| Exercise brief |
The required output is the exact text of the lines from the line containing "Lend-Lease Act expiration" through the final line below, inclusive, without pictures.

| Dataset excerpt |
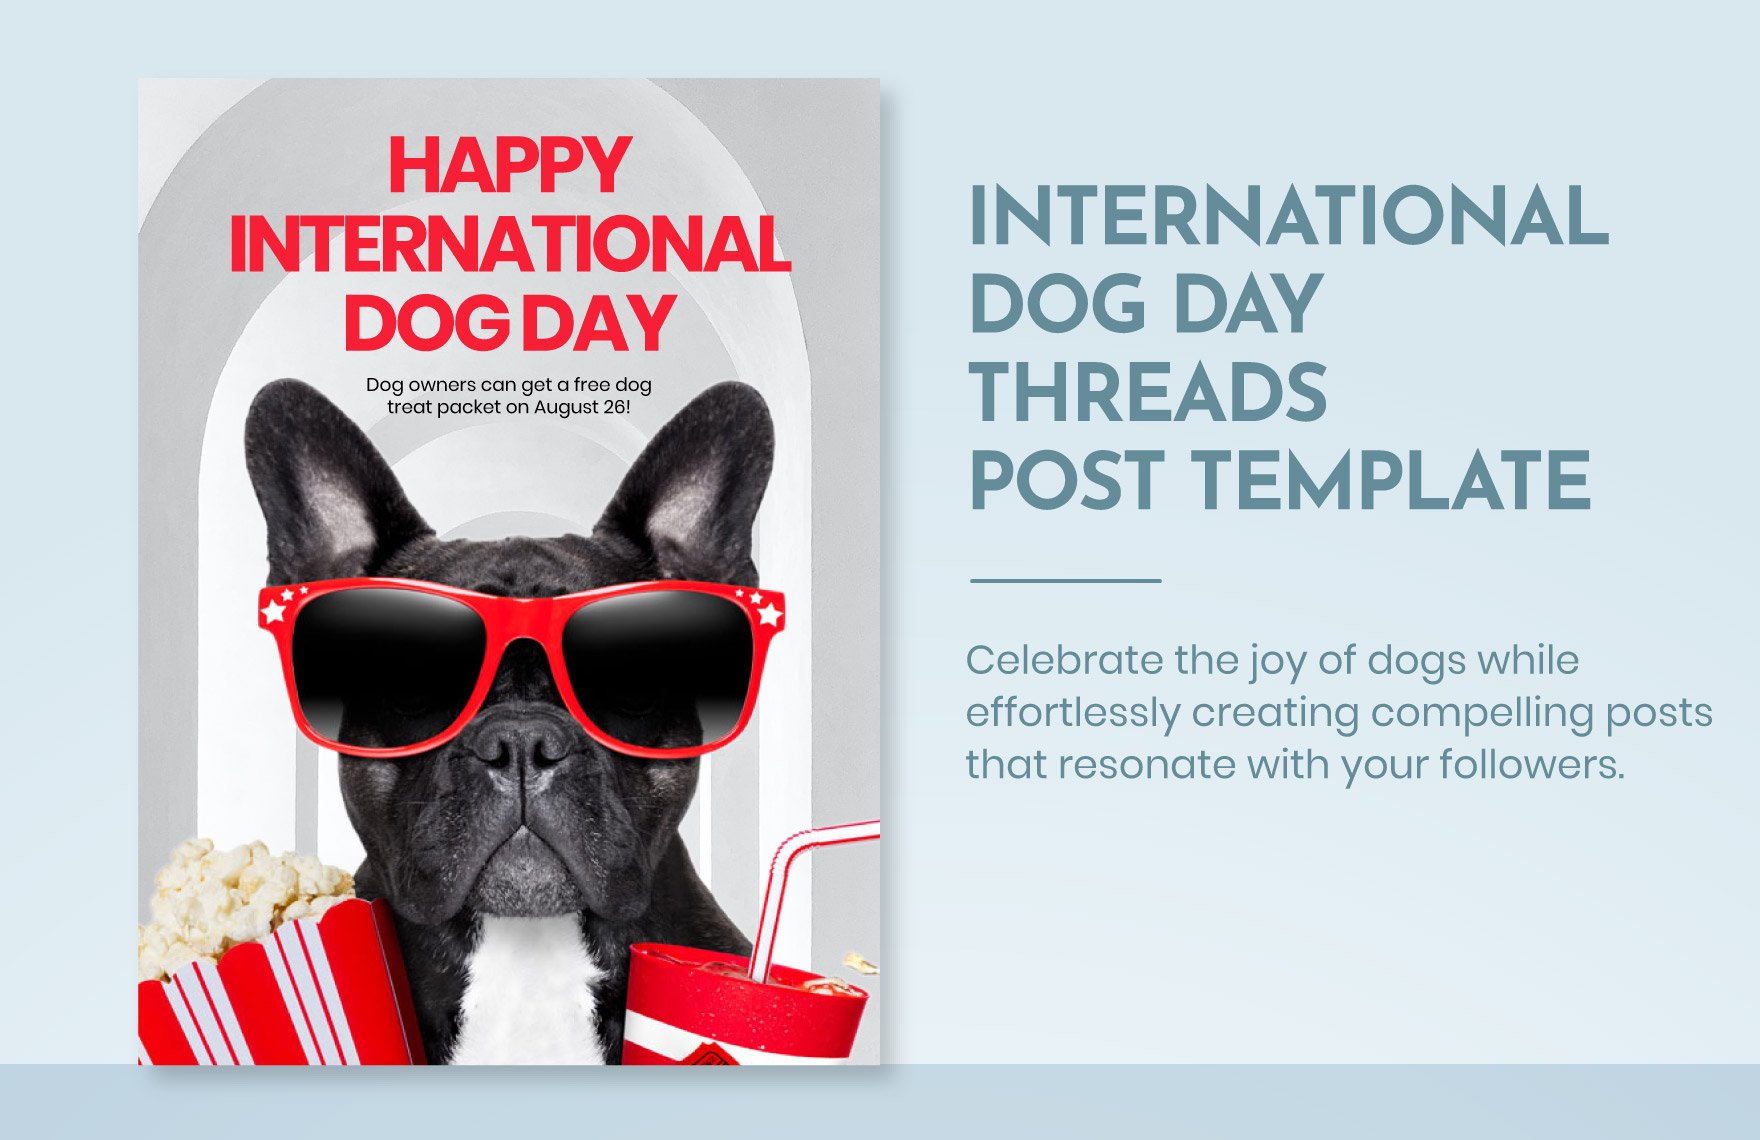 Free International Dog Day  Threads Post Template in Illustrator, PSD, PNG
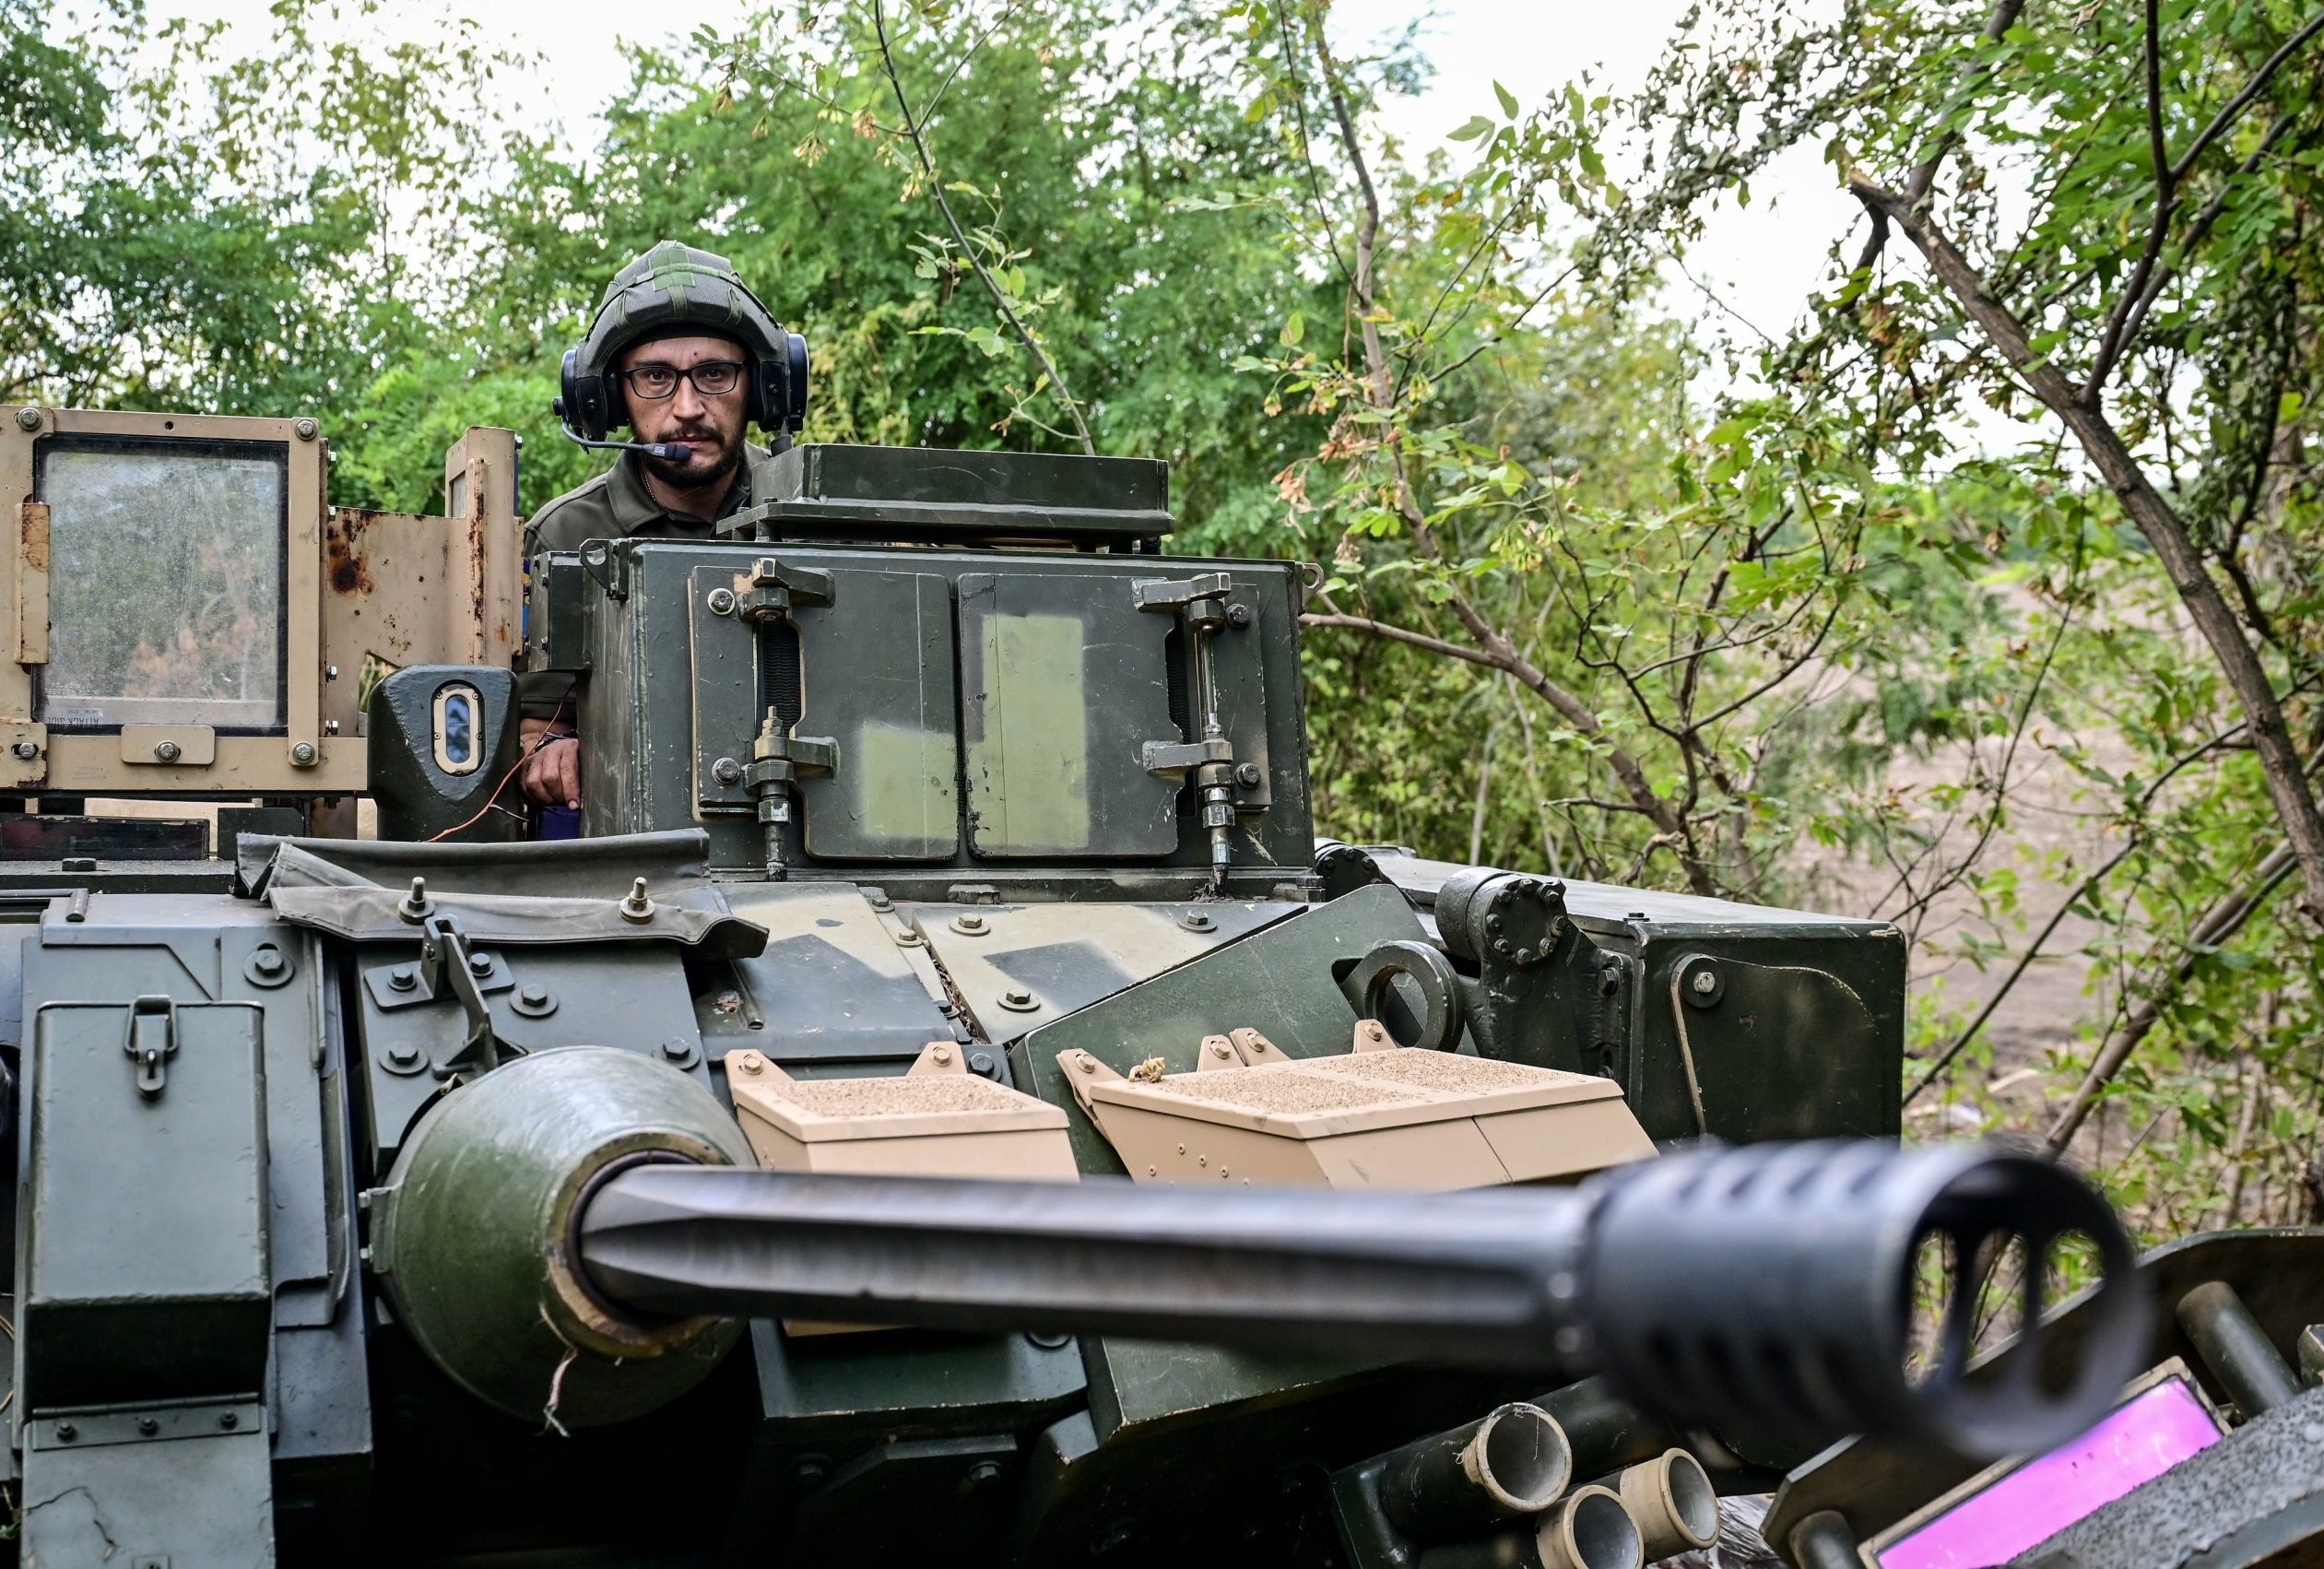 Lend-Lease Act expiration will not affect current US aid to Ukraine - Atlantic Council
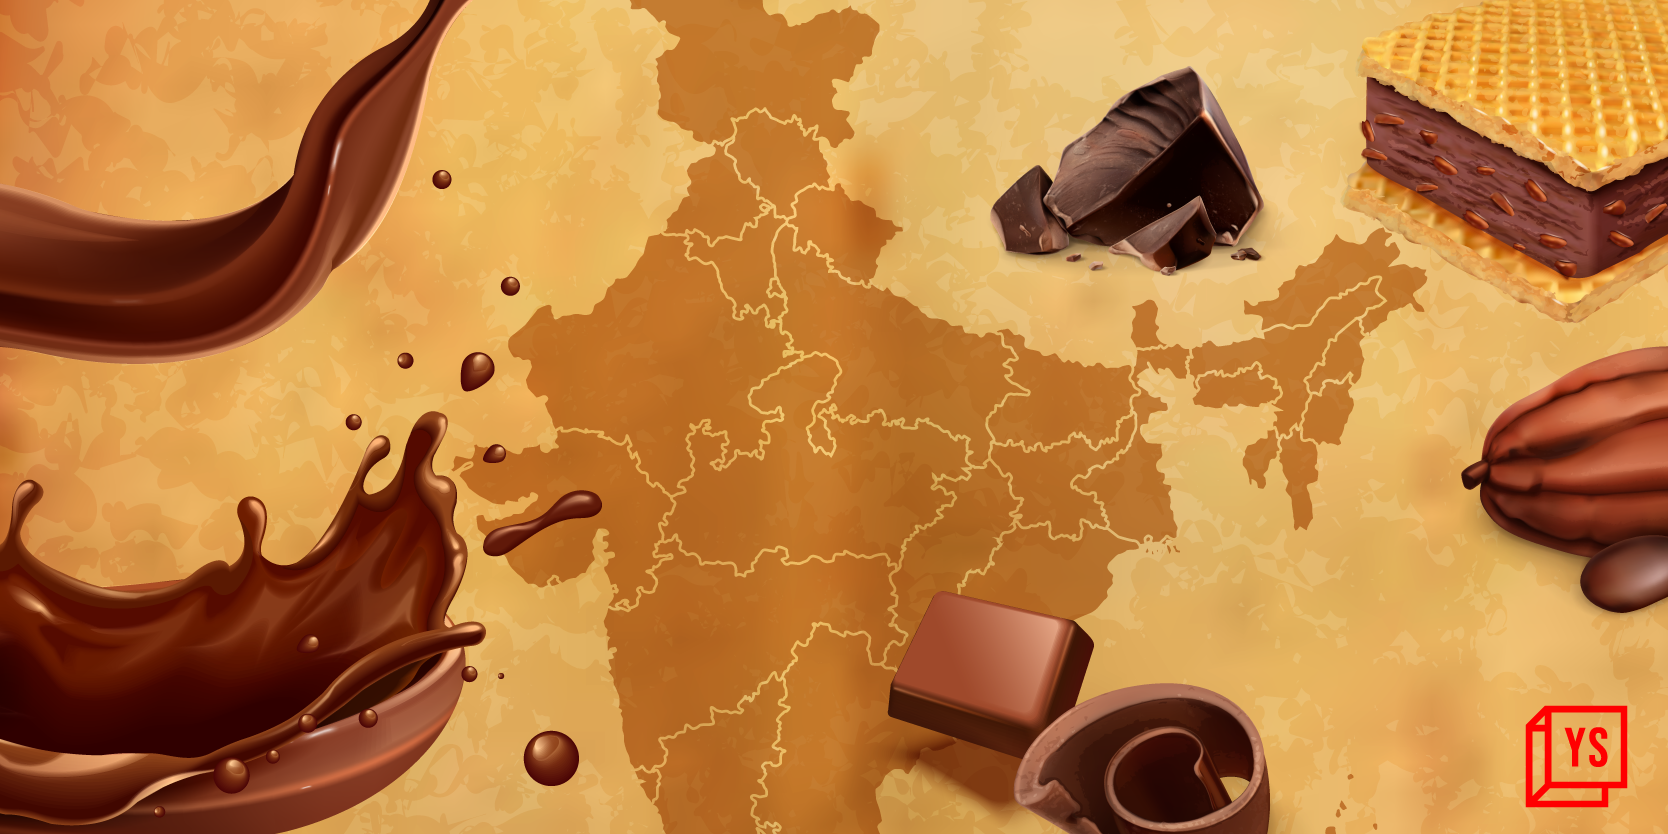 Mars Wrigley wants Bharat to indulge in more Snickers and Galaxy

| Written solution |
 Lend-Lease Act expiration will not affect current US aid to Ukraine - Atlantic Council
 Mars Wrigley wants Bharat to indulge in more Snickers and Galaxy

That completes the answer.